1

I am new to R and I tried to use a function that tests for outliers in a large dataframe with over 600 variables all numeric except for the last 2 columns. I tried the outlier function in the outliers package to test one column at a time, I ended with a numeric vector which I could not use. Is there a better way to identify all outliers in a dataframe.

 myout <- c()
    for (i in 1:dim(training)[2]){
     if (is.numeric(training[,i])) {
     myout <- c(myout,outlier(training[,i]))  }
     }
agstudy
  • 119,832
  • 17
  • 199
  • 261
omneya
  • 33
  • 4
  • You end up with a vector because you created a vector. What's the problem here? If the last two columns are not numeric, why are you testing them? – Roman Luštrik Mar 05 '13 at 08:32
  • 3
    What exactly was wrong with the outlier function? For one thing, the outlier function can be given a data frame, in which it tests each column individually... – David Robinson Mar 05 '13 at 08:33
  • Have you read `?outlier`? It returns the value within a vector that is most different from the mean, so a vector of values is exactly what should be expected from your code here. What are you expecting as output? – alexwhan Mar 05 '13 at 09:51
  • 1
    You may wish to review http://stackoverflow.com/questions/4787332/how-to-remove-outliers-from-a-dataset – Jack Ryan Mar 05 '13 at 13:24
  • I would be even more emphatic than Jack. You MUST look at the cited answer. If you have data with extreme values you should leave then in and use appropriate methods unless you are able to identify a reason. Just throwing out "outliers" is a major statistical sin. – IRTFM Mar 07 '13 at 00:28

2 Answers2

2

As you can read in the helpfile of outlier it finds one value for each variable, the one that differs the most from the mean. I think what you want is finding for each variable the index of all data points that are outliers. This can be done in the following way (of course you need to remove your non-numeric variables first):

# first write a custom function that returns the index of all outliers
# I define an outlier as 3 sd's away from the mean, you can adjust that

is.outlier <- function(x) which(abs(x - mean(x)) > 3*sd(x))
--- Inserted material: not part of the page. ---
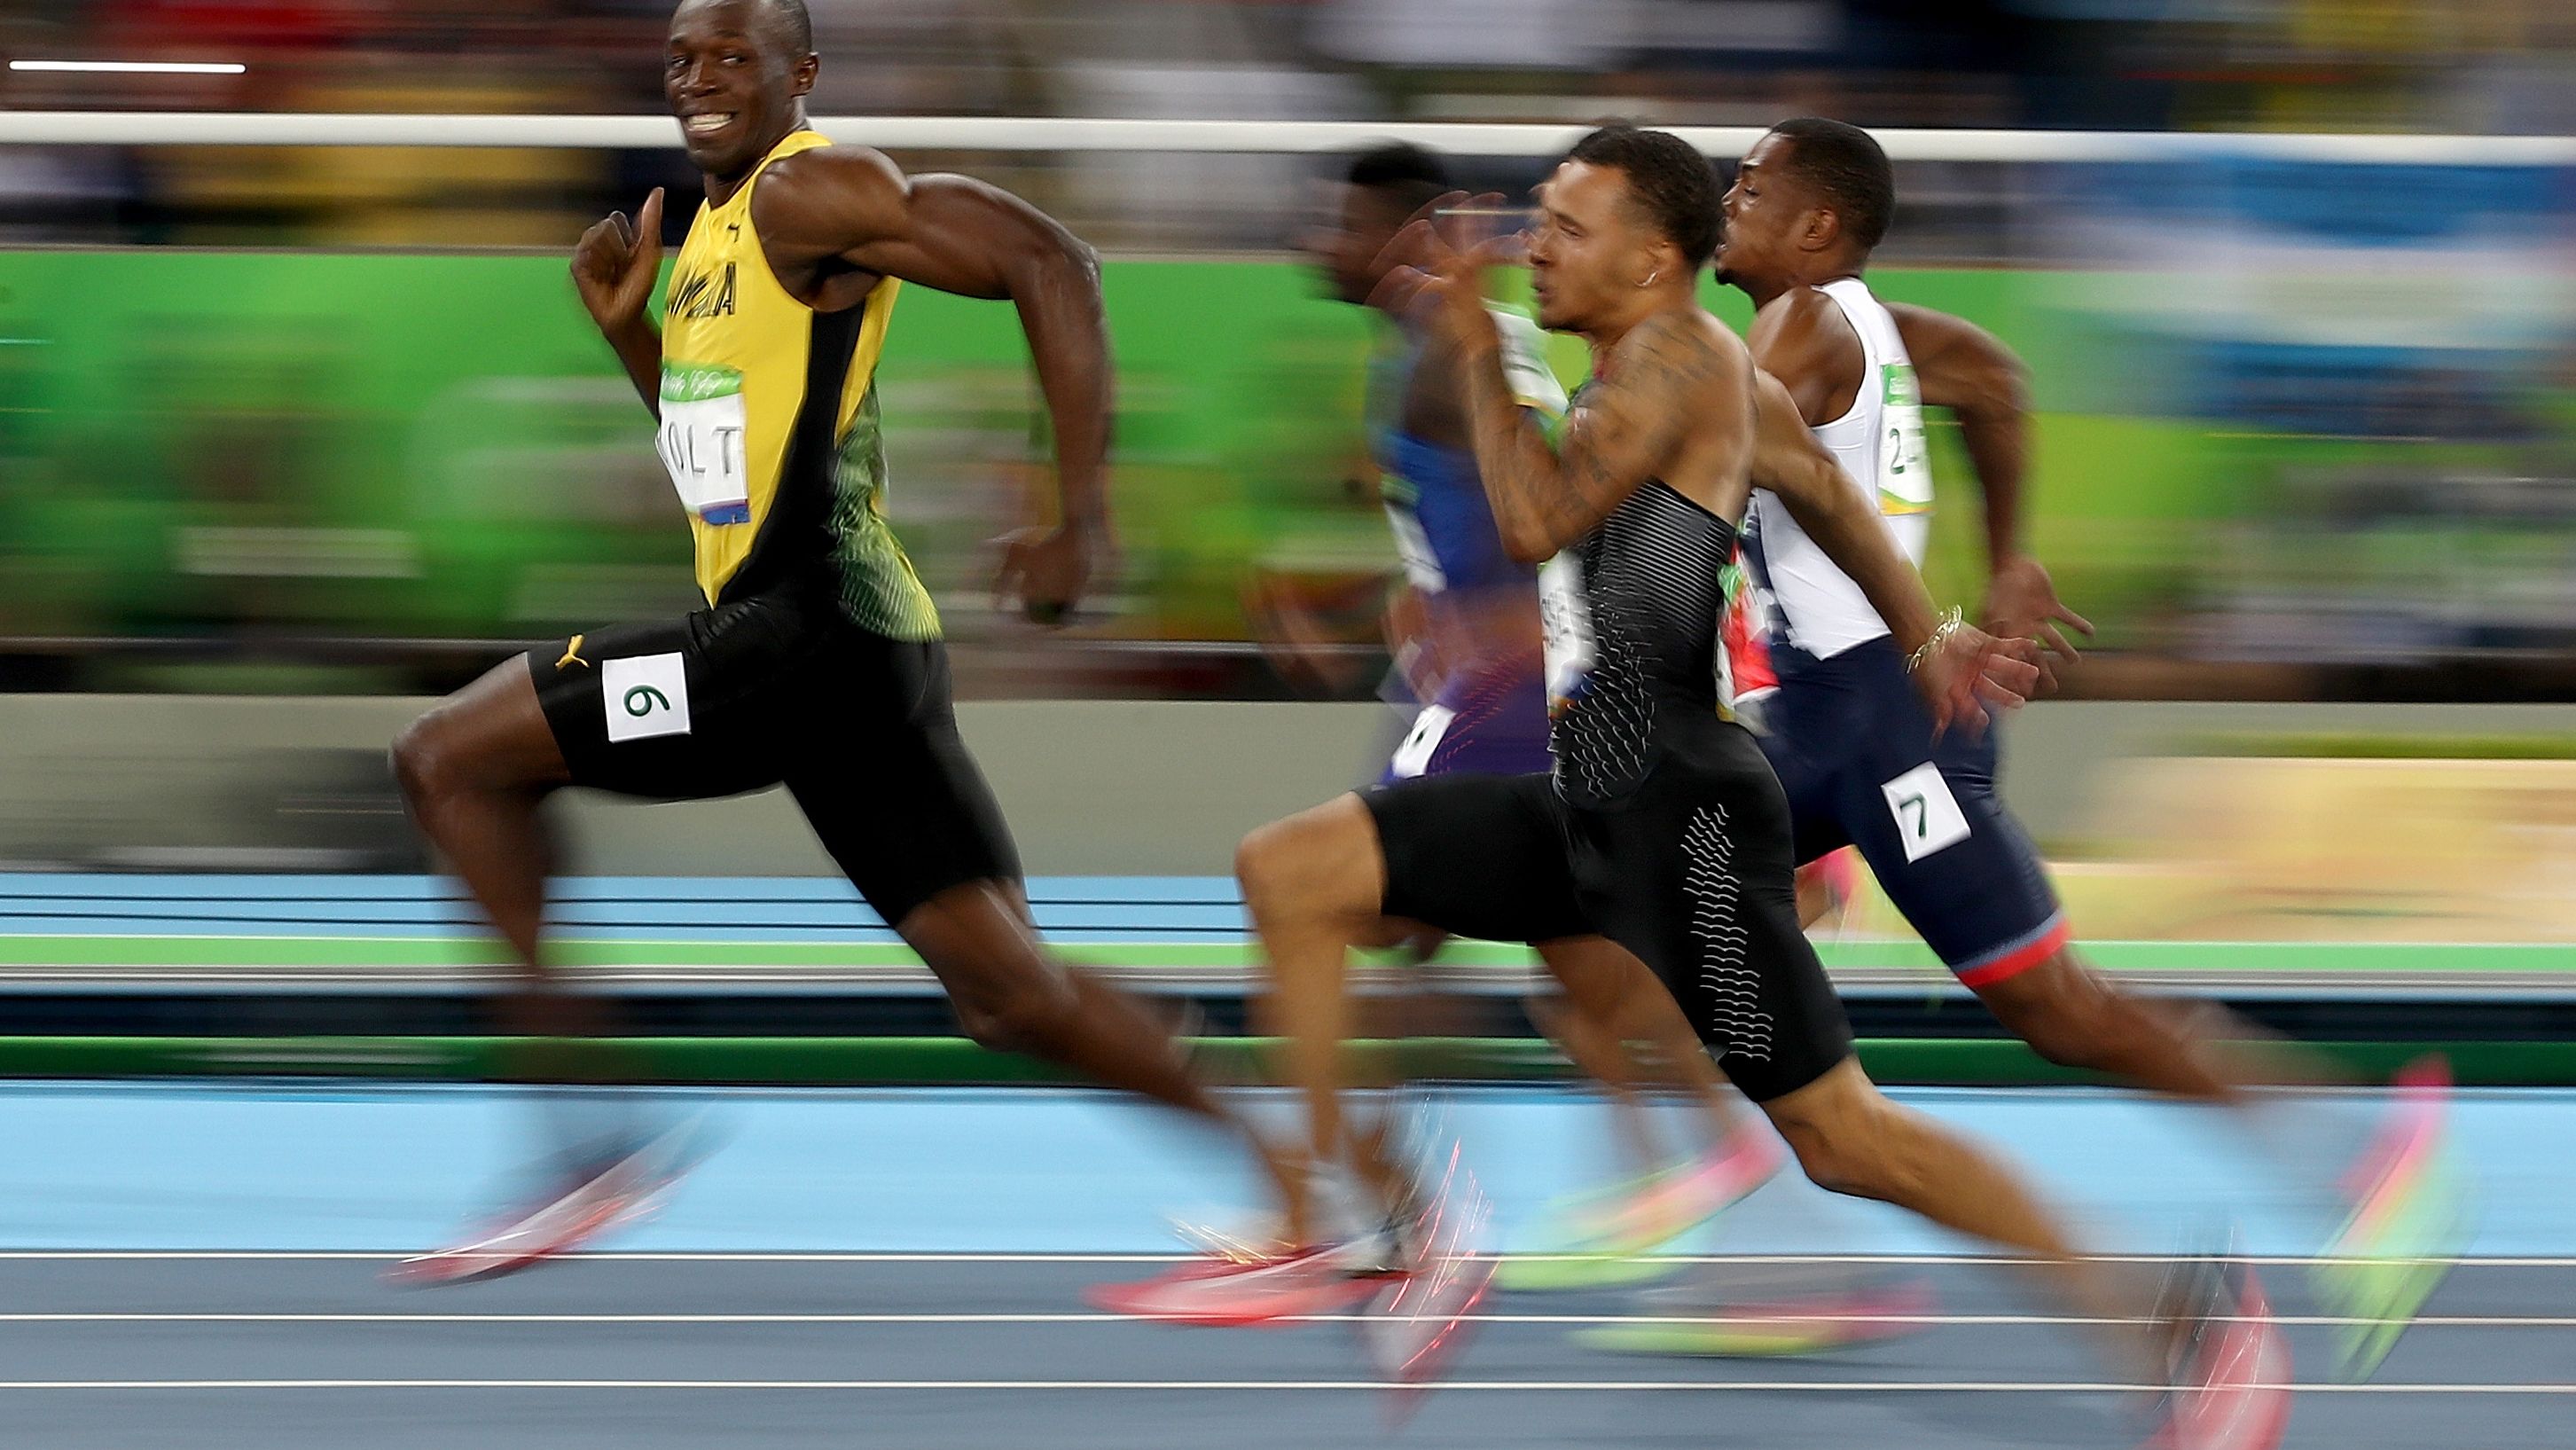 The iconic image of Bolt while competing in the men's 100m in Rio
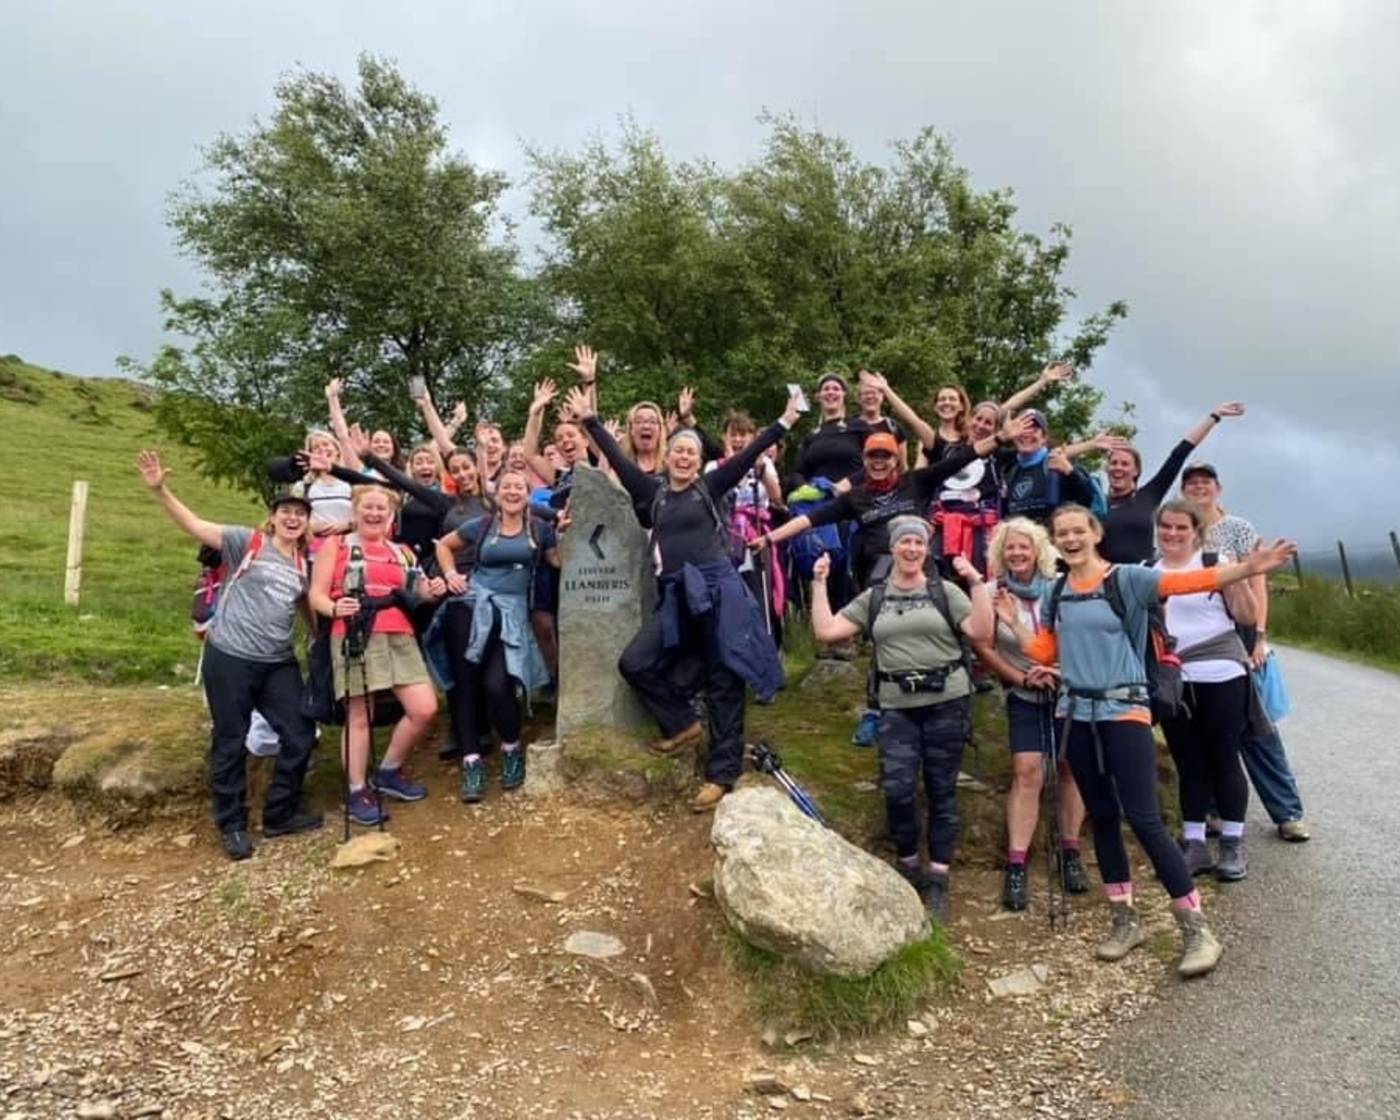 Cycle and stride group solemother with their arms up on a walk

# turn the df into a list, and apply the function to each variable with lapply

df.as.list <- as.list(df)   # enter the name of your data frame instead of df
lapply(df.as.list, is.outlier)

It will return a list with at element i the indices of the outliers of the variable in column i.

Edwin
  • 3,184
  • 1
  • 23
  • 25
0

You may not actually want to remove outliers, but per this 2 years ago:

x[!x %in% boxplot.stats(x)$out] 
Community
  • 1
  • 1
Jack Ryan
  • 2,134
  • 18
  • 26